Eisenhart fällt Christiane Hörbiger zum 70er das Urteil zwischen Rache und Gerechtigkeit über die Versuchung. Die Fernsehtragödie frei nach Dürrenmatts "Der Besuch der alten Dame" ist des ORFs Geburtstagsgeschenk.
An "das Heute" angepasst, an "die Zeit der Gier", die "die Weltwirtschaft in die Krise stürzt": So will ORF-Chef Alexander Wrabetz den klassischen Stoff Friedrich Dürrenmatts durch Nikolaus Leytners Verfilmung vom "Besuch der alten Dame" aktualisiert wissen. Die Neuverfilmung legt somit mehr Wert auf die Ausstaffierung der Charaktere – zulasten der Mehrschichtigkeit des Gedankenexperiments um Korruption und des Zurechtbiegens einer "eigenen Wahrheit".

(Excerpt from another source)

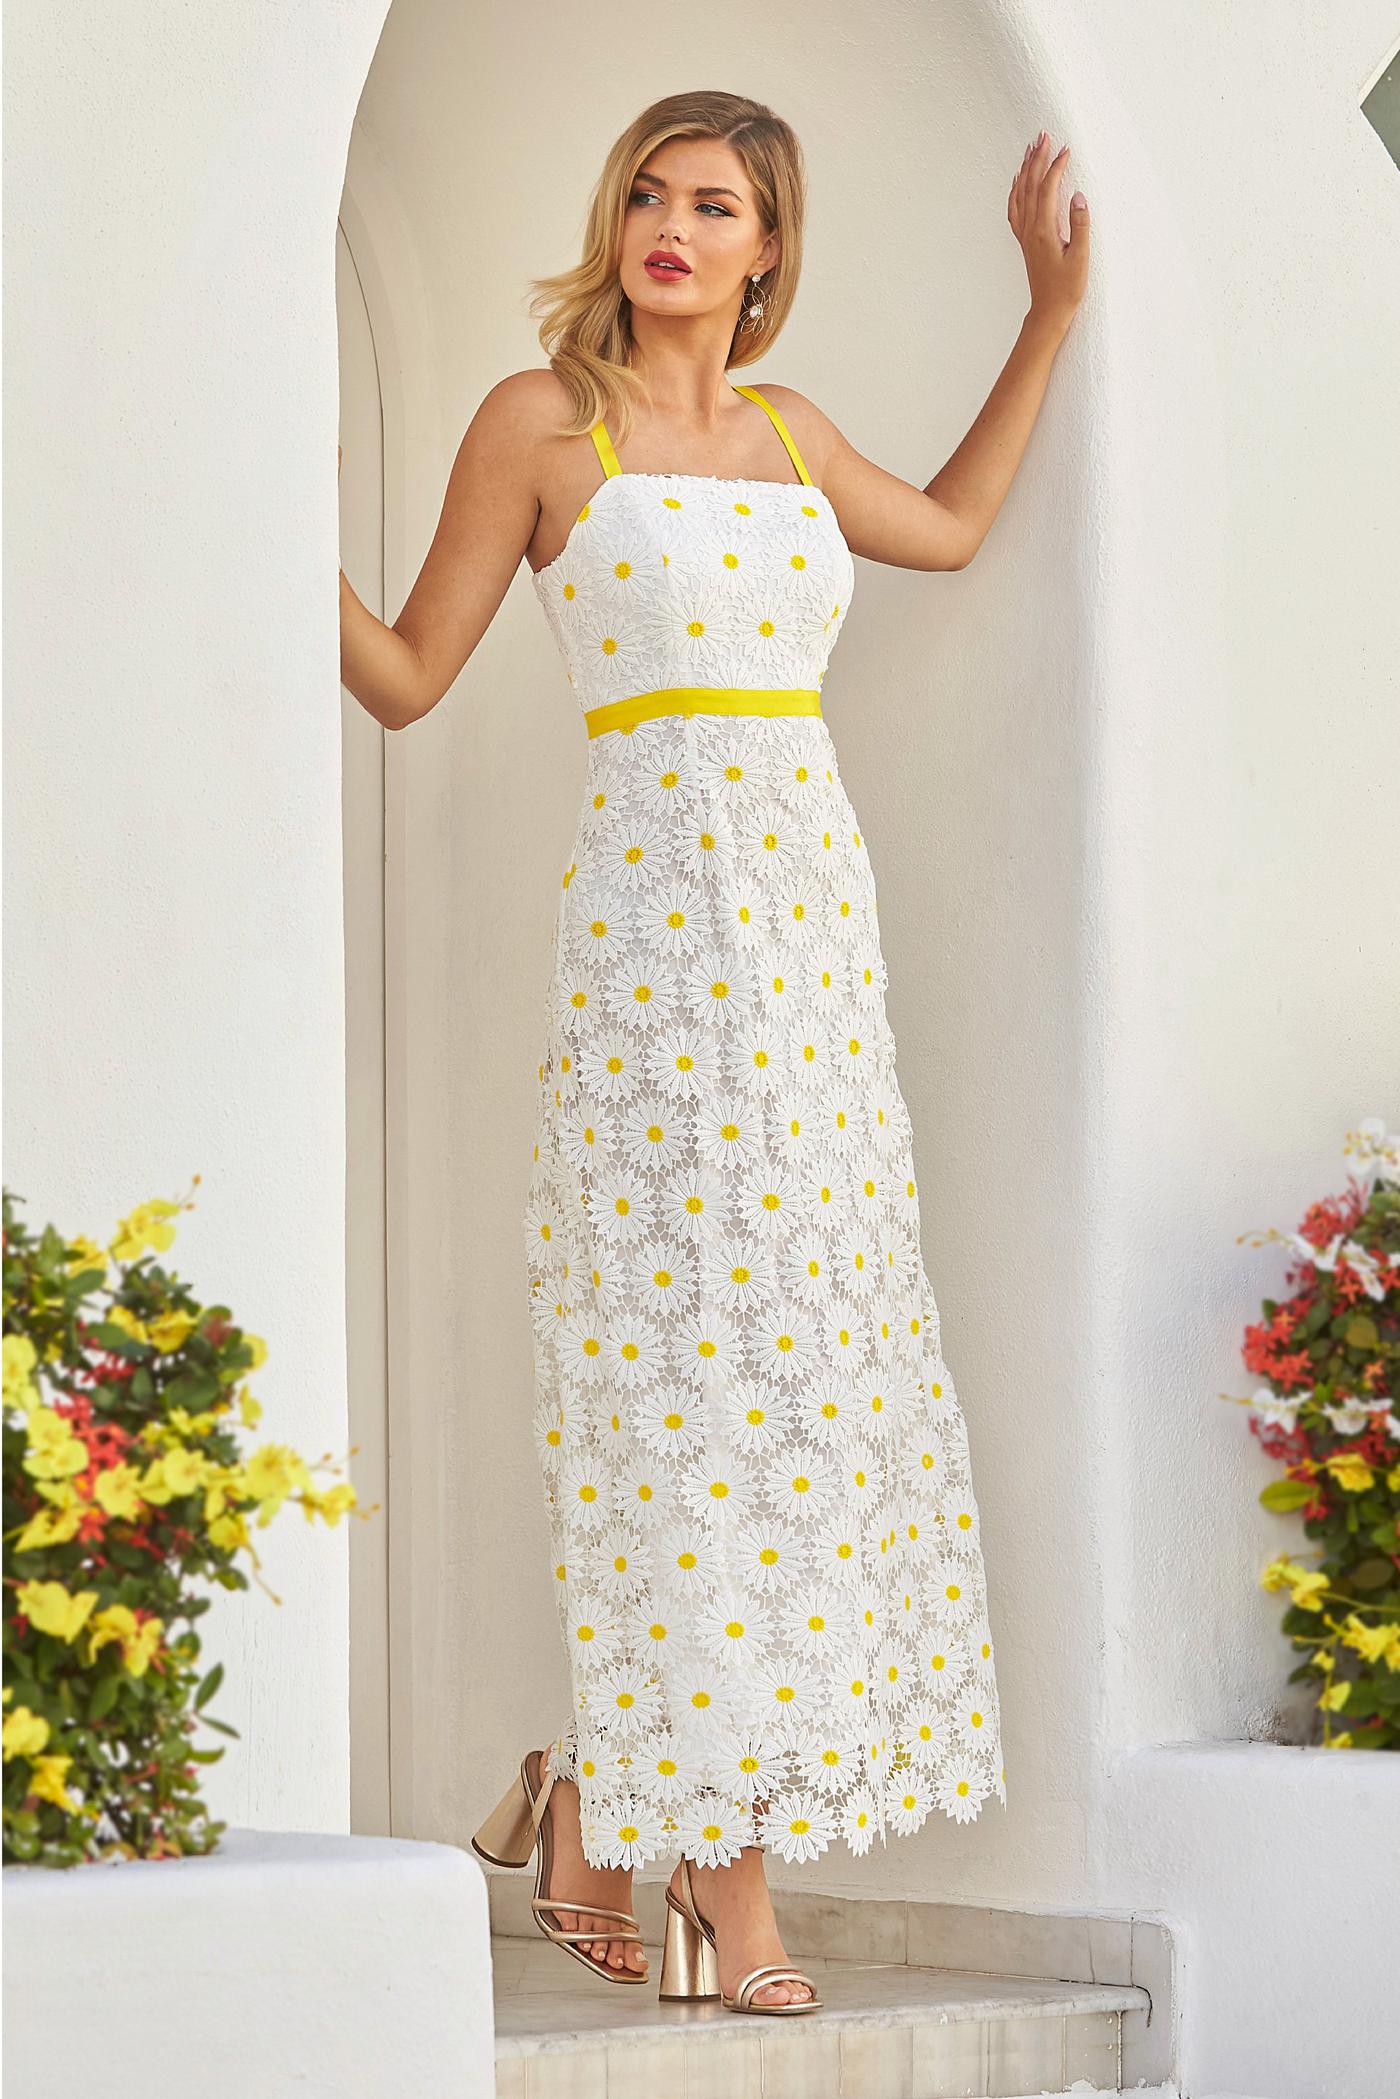 Daisy Lace Maxi Dress White/Yellow

Leytner hüllt den wirtschaftlich ausgebluteten Handlungsort Güllen (im steirischen Eisenerz abgefilmt) in ein farblich unterkühltes Leichentuch. Christiane Hörbiger, der die Rolle auch durch die persönliche Bekanntschaft mit Dürrenmatt am Herzen liegt, interpretiert die steinreiche Claire Zachanassian passend darauf abgestimmt: Eisenhart und schmallippig kehrt das Mädchen von damals als Öl-Tychoonin zurück. Auf den Stock gestützt schleppt sie sich bitter durch das Kaff, deren Bewohner ihr unverzeihliches Unrecht antaten.
Ihr Ex-Verlobter Alfred Ill (glaubwürdig: Michael Mendel) zerstörte damals ihr Leben mit einem Autounfall und einem gegen sie geschworenen Meineid. Er soll – wie das ganze Dorf, das ihn schützte und sie verstoßen hatte – büßen.
Rolle als Racheengel
Persönlich sieht Hörbiger ihre Rolle als Racheengel: Aber für die Rolle der verratenen und gedemütigten Frau hätte sie deren Gerechtigkeitssinn als solchen empfinden müssen, um sie spielen zu können.
Von Journalisten auf frühere Engagements wie "Zwei Ärzte sind einer zuviel" angesprochen, die sich mehr auf leichte Stoffe verlagern würden, lacht Hörbiger kurz auf und bekennt: "Ich liebe Quote!" Sie freue sich, wenn Zuseher sie etwa "gerne vor blauem Himmel sehen". Schauspielerisch seien diese Arbeiten ebenso anspruchsvoll wie ihr neuer Lieblingsfilm, sagt die im Umgang mit Medien erfahrene Hörbiger: "Der Besuch der alten Dame".
70. Geburtstag
Sie werde sich den Film am 13. Oktober, ihrem 70. Geburtstag, mit dem Kern der Technikcrew gemeinsam ansehen. Als Dank für deren Arbeit und die Momente, als diese "bei Regen und sogar Schnee" am Gerät ausharren mussten.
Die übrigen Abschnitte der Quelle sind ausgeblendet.